===== Exercise data =====
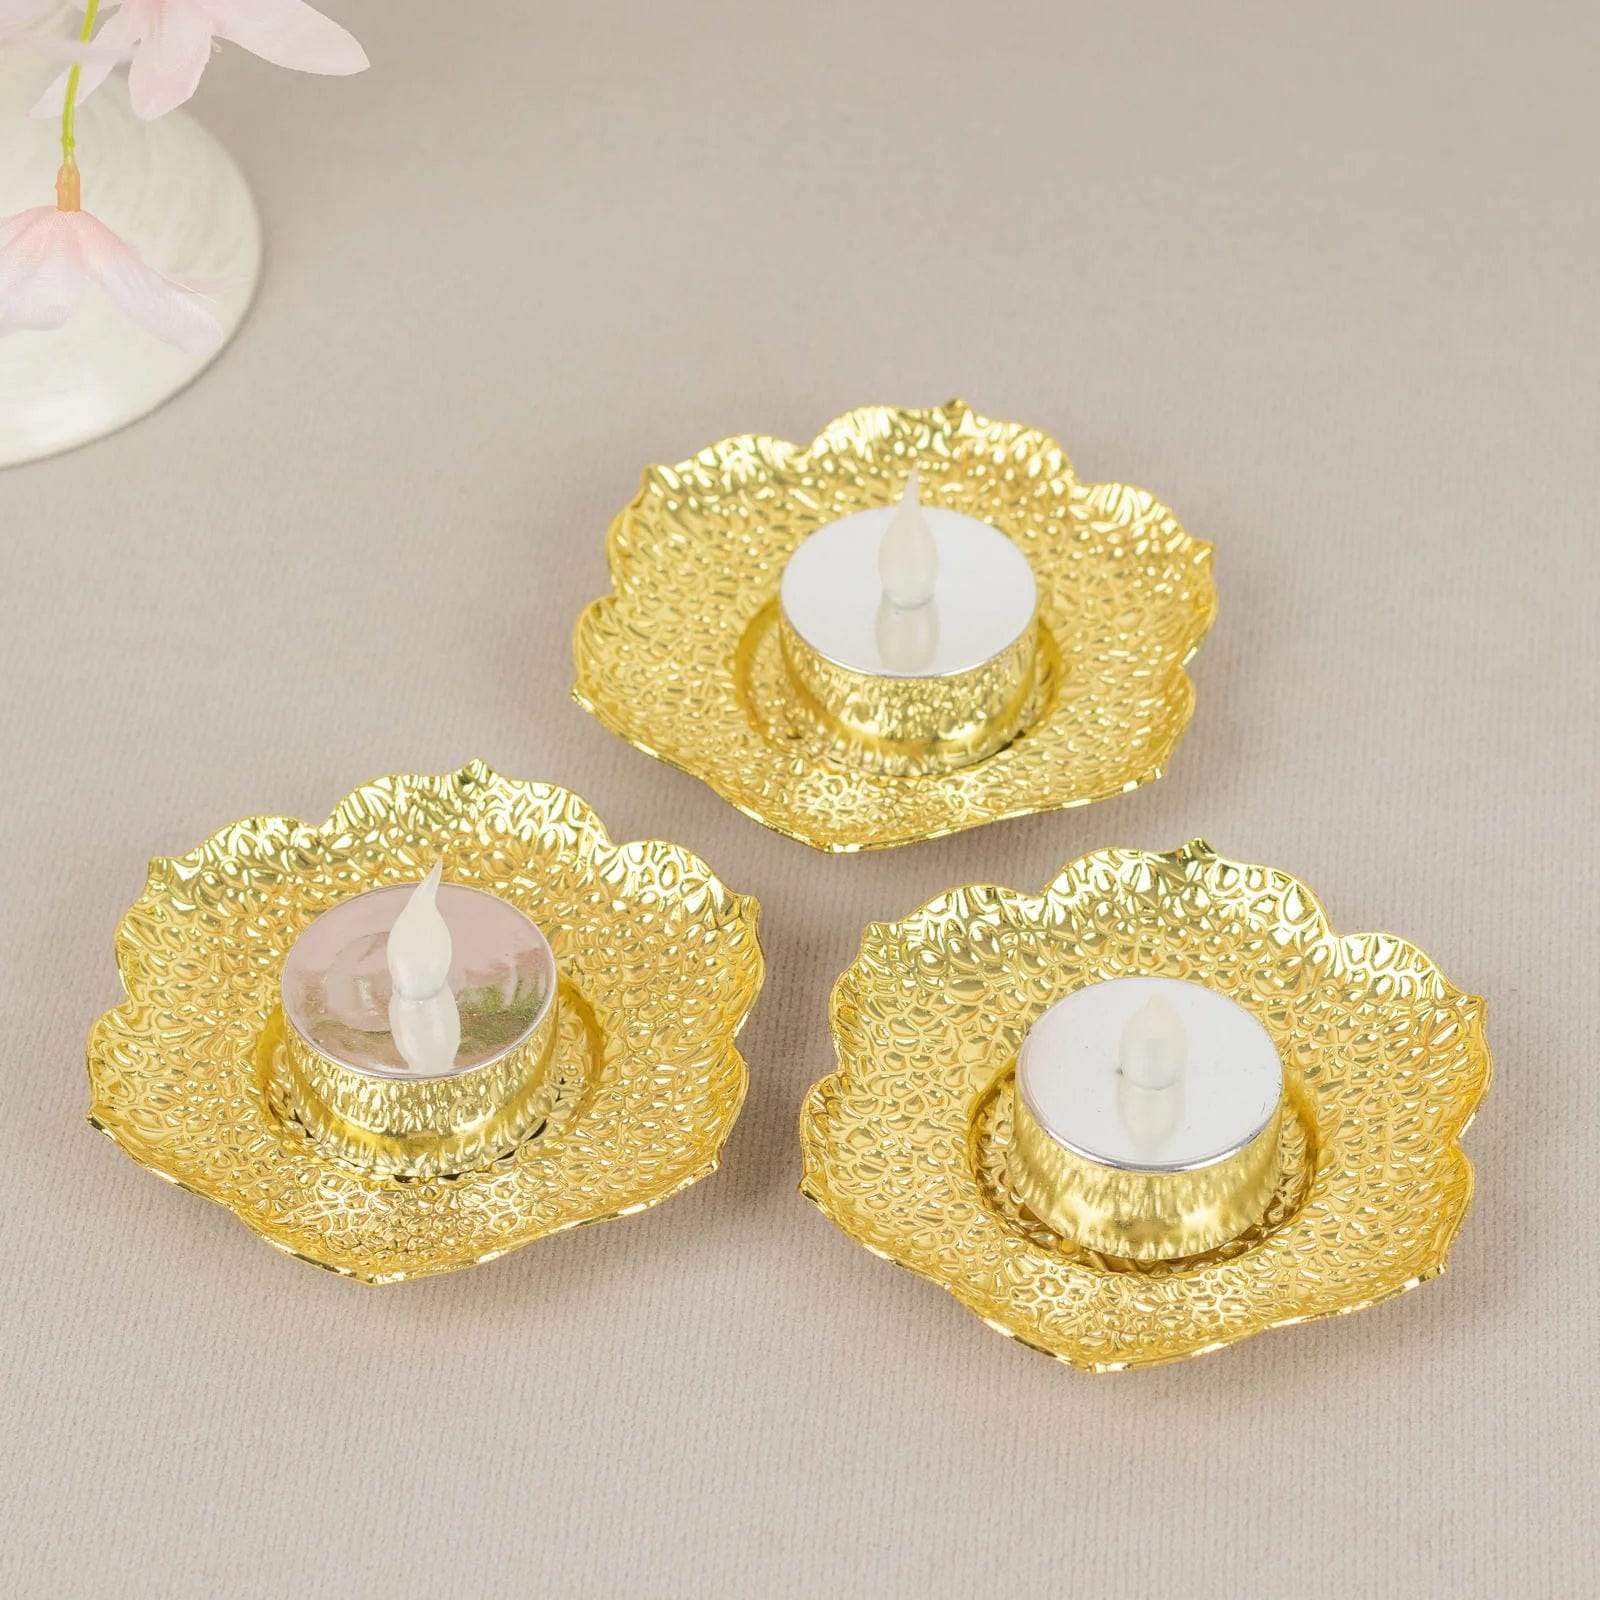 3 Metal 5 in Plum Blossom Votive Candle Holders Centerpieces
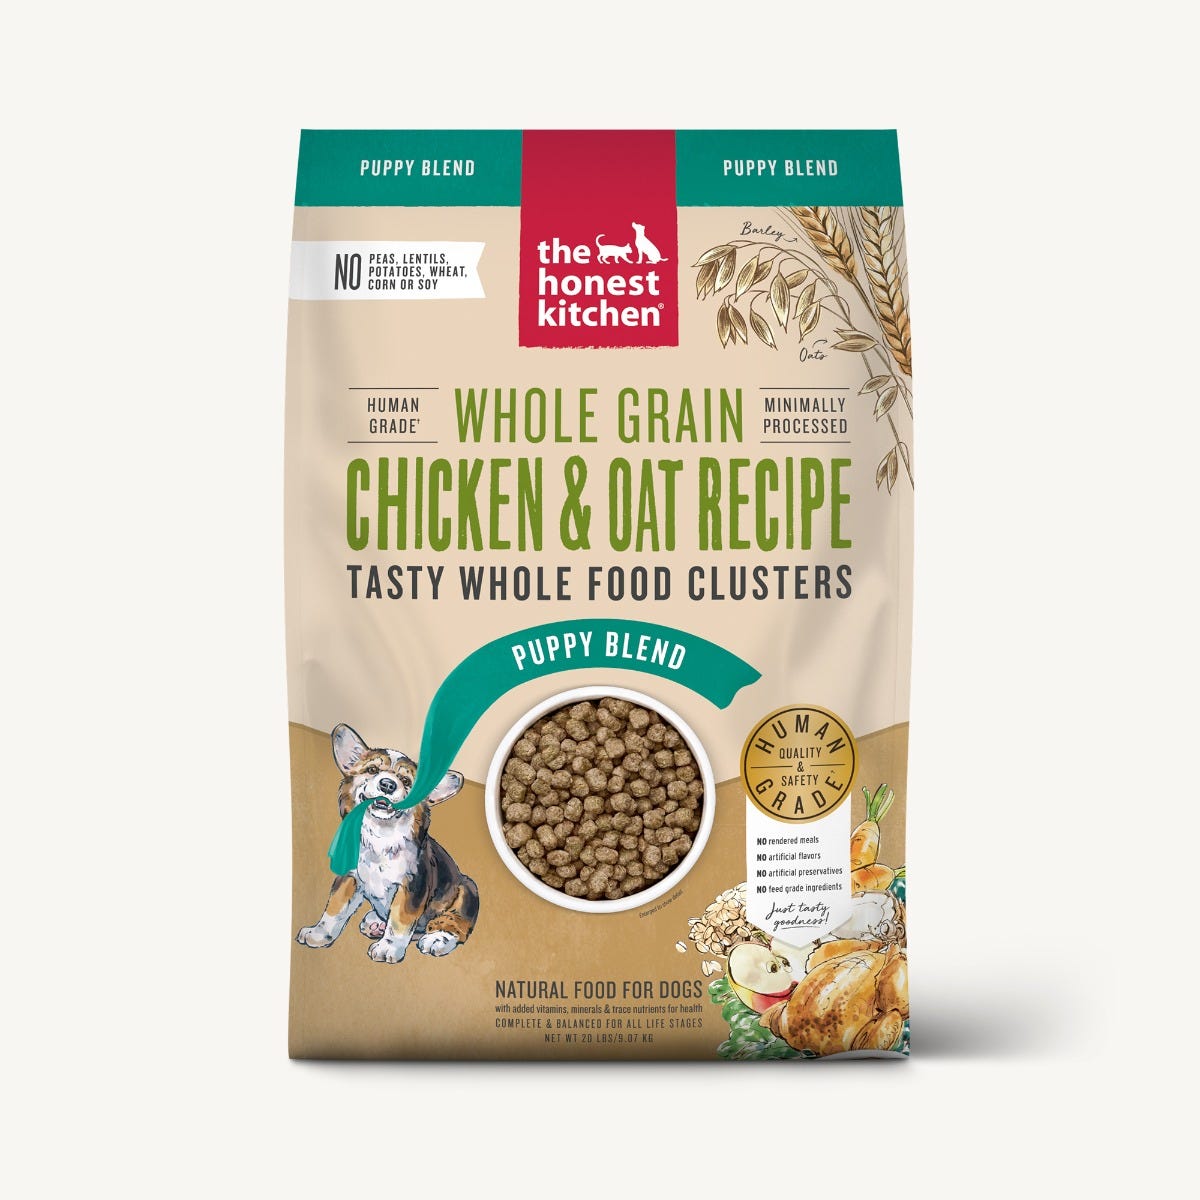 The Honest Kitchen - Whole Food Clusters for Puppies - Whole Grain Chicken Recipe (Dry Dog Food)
=====
===== Exercise data =====
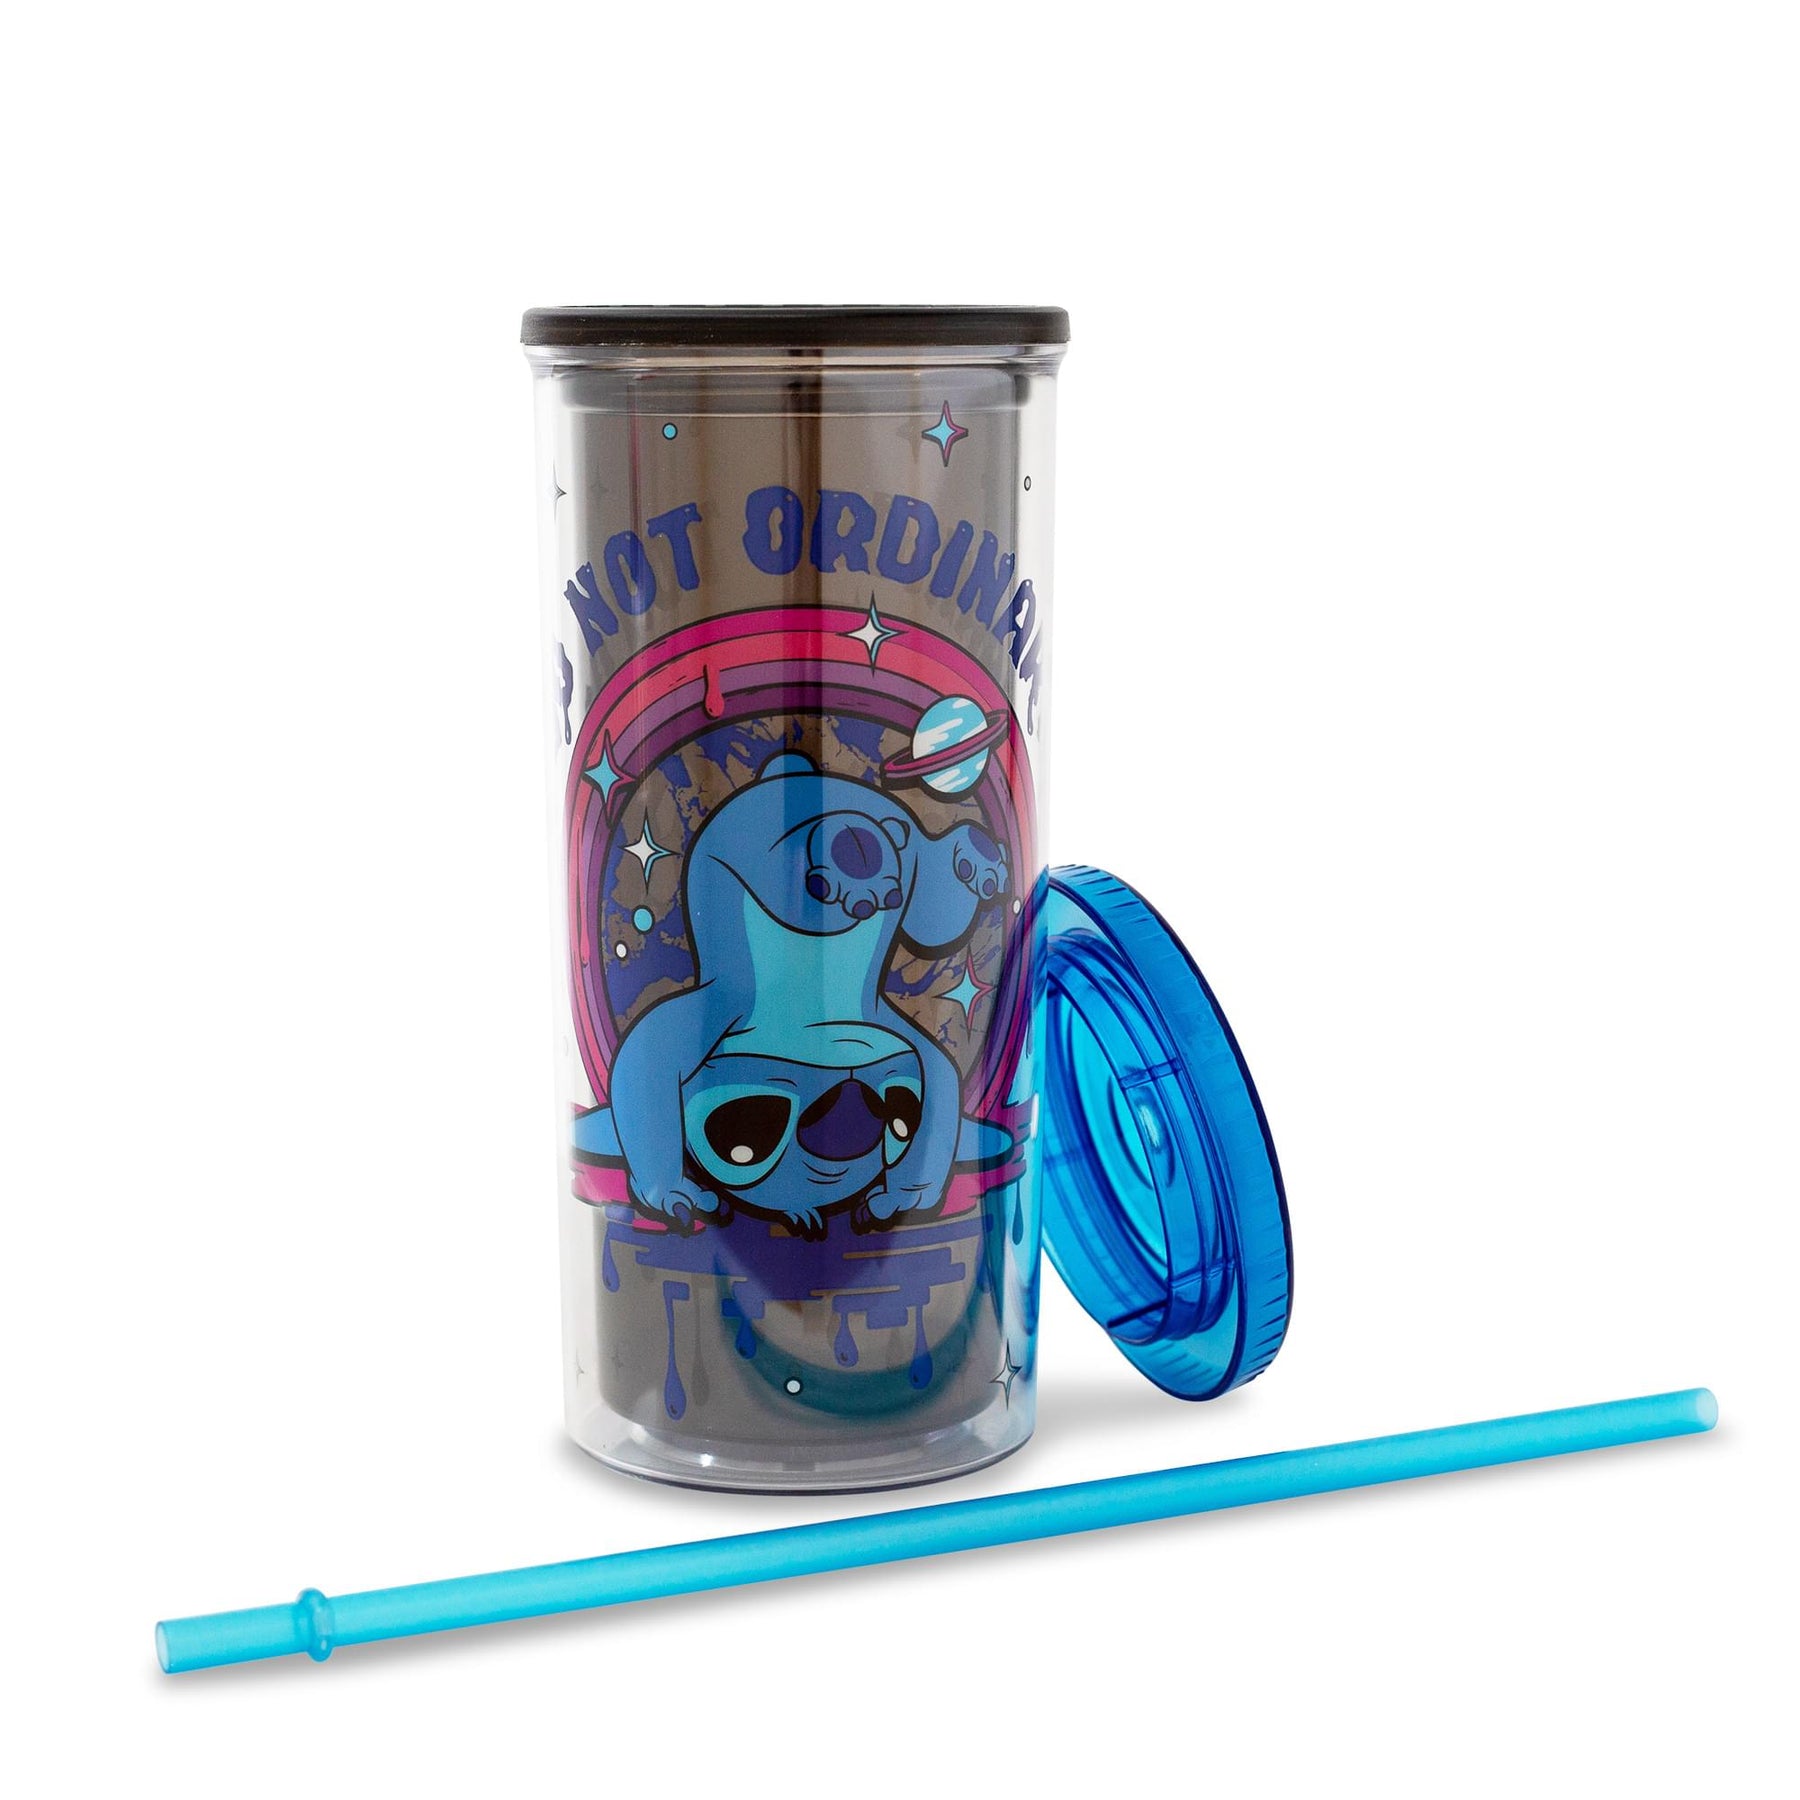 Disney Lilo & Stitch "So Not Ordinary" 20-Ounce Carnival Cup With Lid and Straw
=====
What to do:
In the listing above, find the line containing "3 Metal 5 in" and the line containing "The Honest Kitchen". Print those two lines and every line between them exactly, with no pictures.

Solution below:
 3 Metal 5 in Plum Blossom Votive Candle Holders Centerpieces
 The Honest Kitchen - Whole Food Clusters for Puppies - Whole Grain Chicken Recipe (Dry Dog Food)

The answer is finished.